Let's start by combing through this lesson. First of all, how to put a sentence vector, then how to do parsing, then the method of building the object function Max-margin and bpts (backpropagation Through Structure), and finally a few improved versions of recursive NN and this model can also be computer vision work.
1.Semantic Vector Space for sentence
Similar to the previous stage of word vector space this time we are projecting an entire sentence into the semantic vector spaces. Our model is based on two assumptions: the meaning of a sentence is based on 1. The meaning of the word contained in this sentence; 2. How the sentence is constructed. The 2nd is still in the debate, our discussion model can complete two tasks at the same time, the first can learn the sentence of the tree model, the second can learn the sentence in the semantic vector space in the expression.
What is parsing tree? :
The above figure is the parsing tree described in this lecture, and the previous recurrent neural networks is actually similar to the following parsing tree, which is seen as a special representation of the previous parsing tree.

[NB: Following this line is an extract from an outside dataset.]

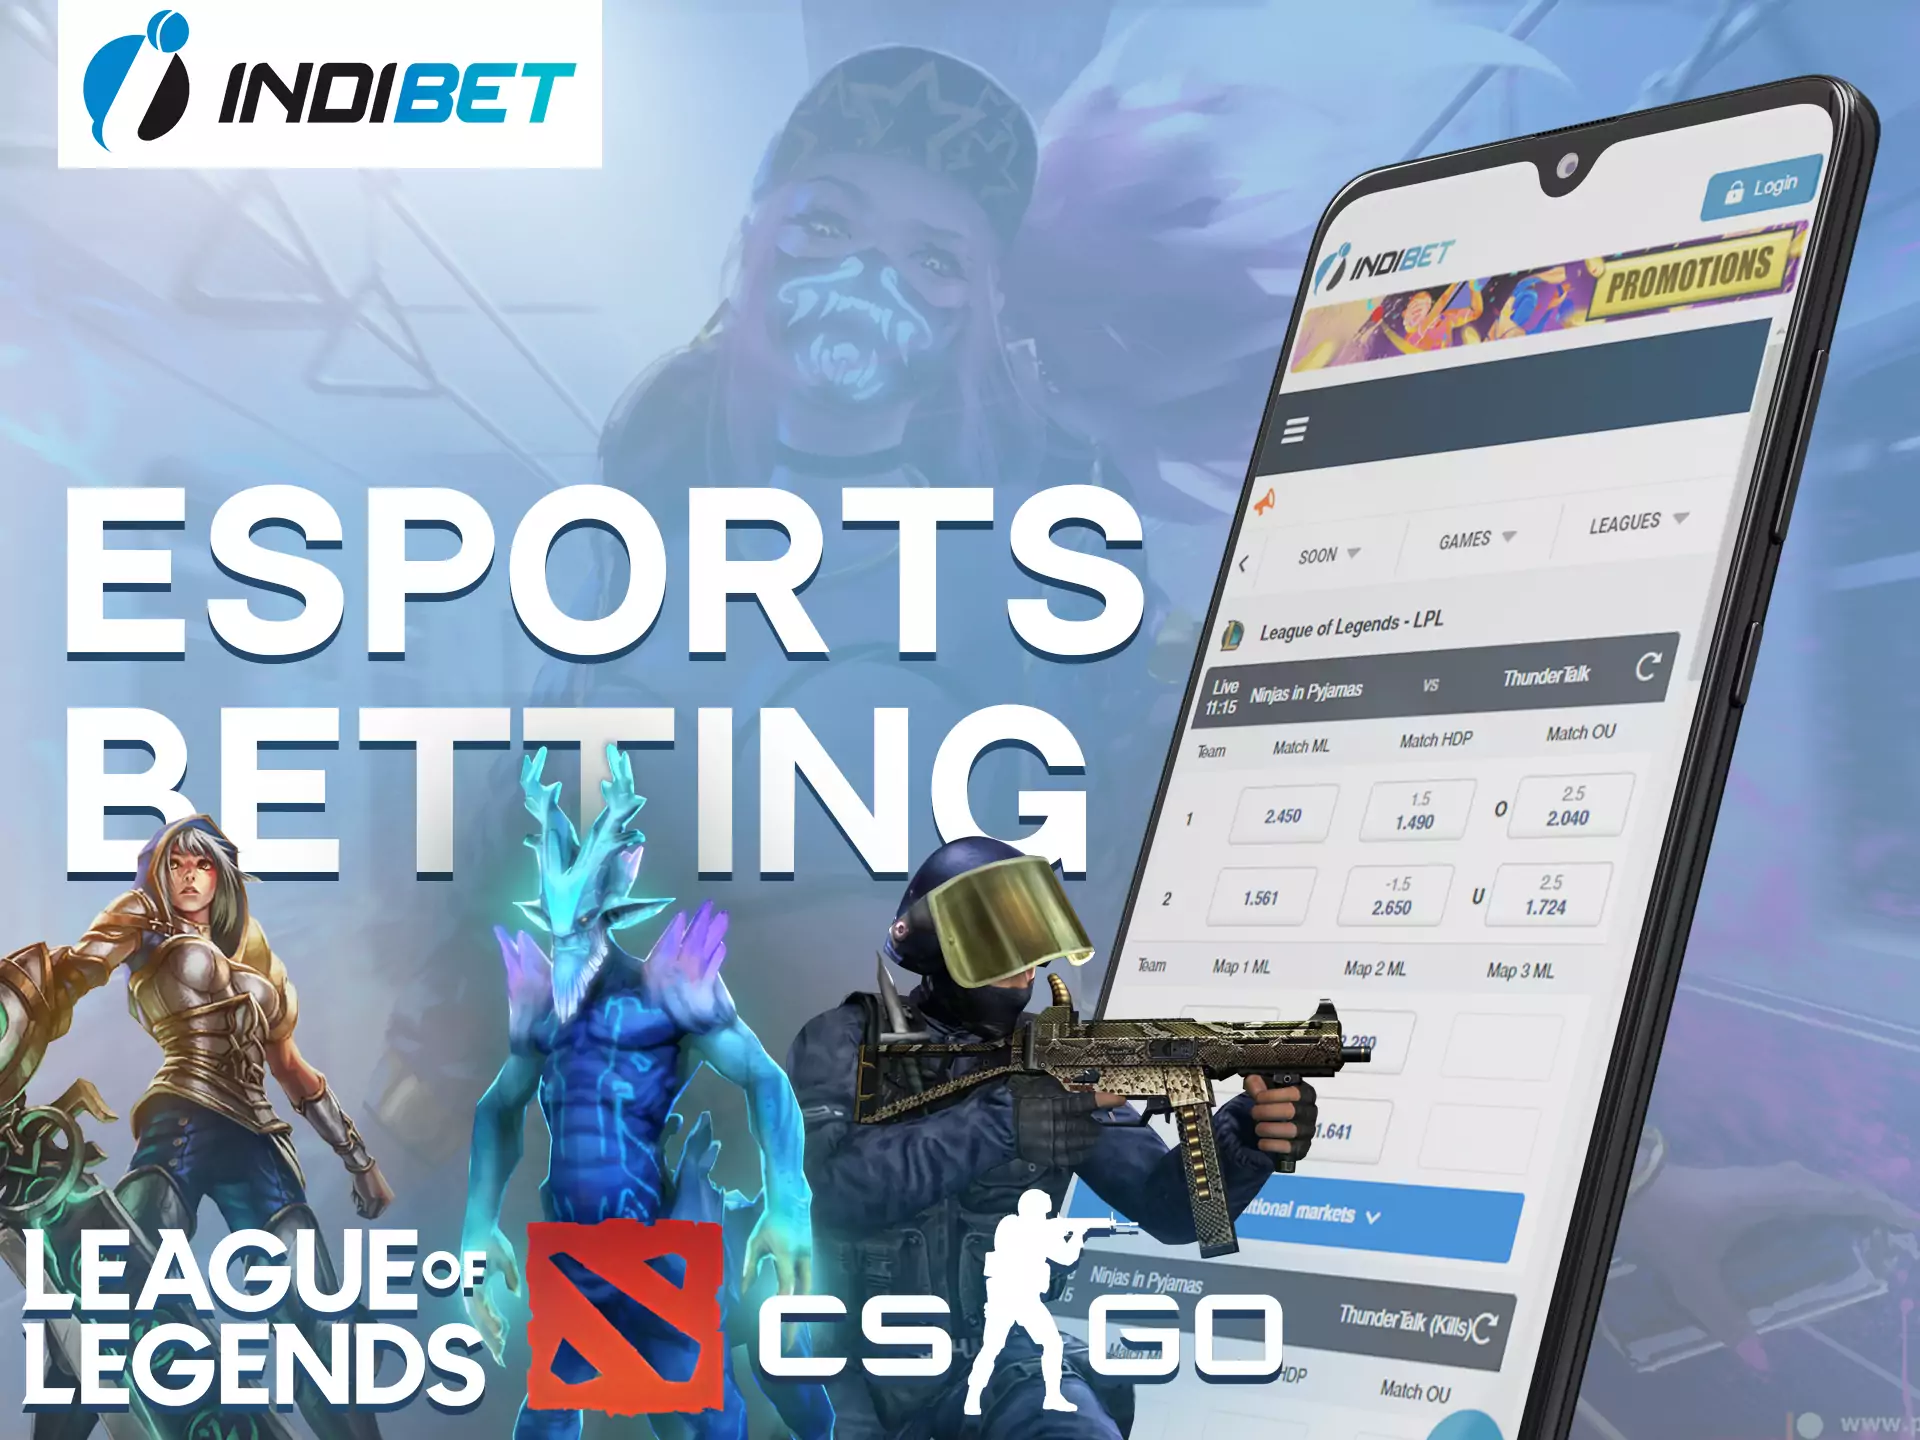 Bet on your favourite esports team at Indibet.

Which of these two representations is correct is not conclusive now (still cognitively debatable)
How do you learn this parsing tree? Clever man invented a method called Beam search is bottom-up method, from the lowest beginning, calculate which two become good score the biggest, then take out the largest score two node then they merge (Good evil). The last until the top of the list is all in the form of a parsing tree.
2.objection function? Max-margin Framework
Objection function in slide I later see the object function in Recommand reading to find that the sign is reversed. I guess it's not when the teacher wrote it back.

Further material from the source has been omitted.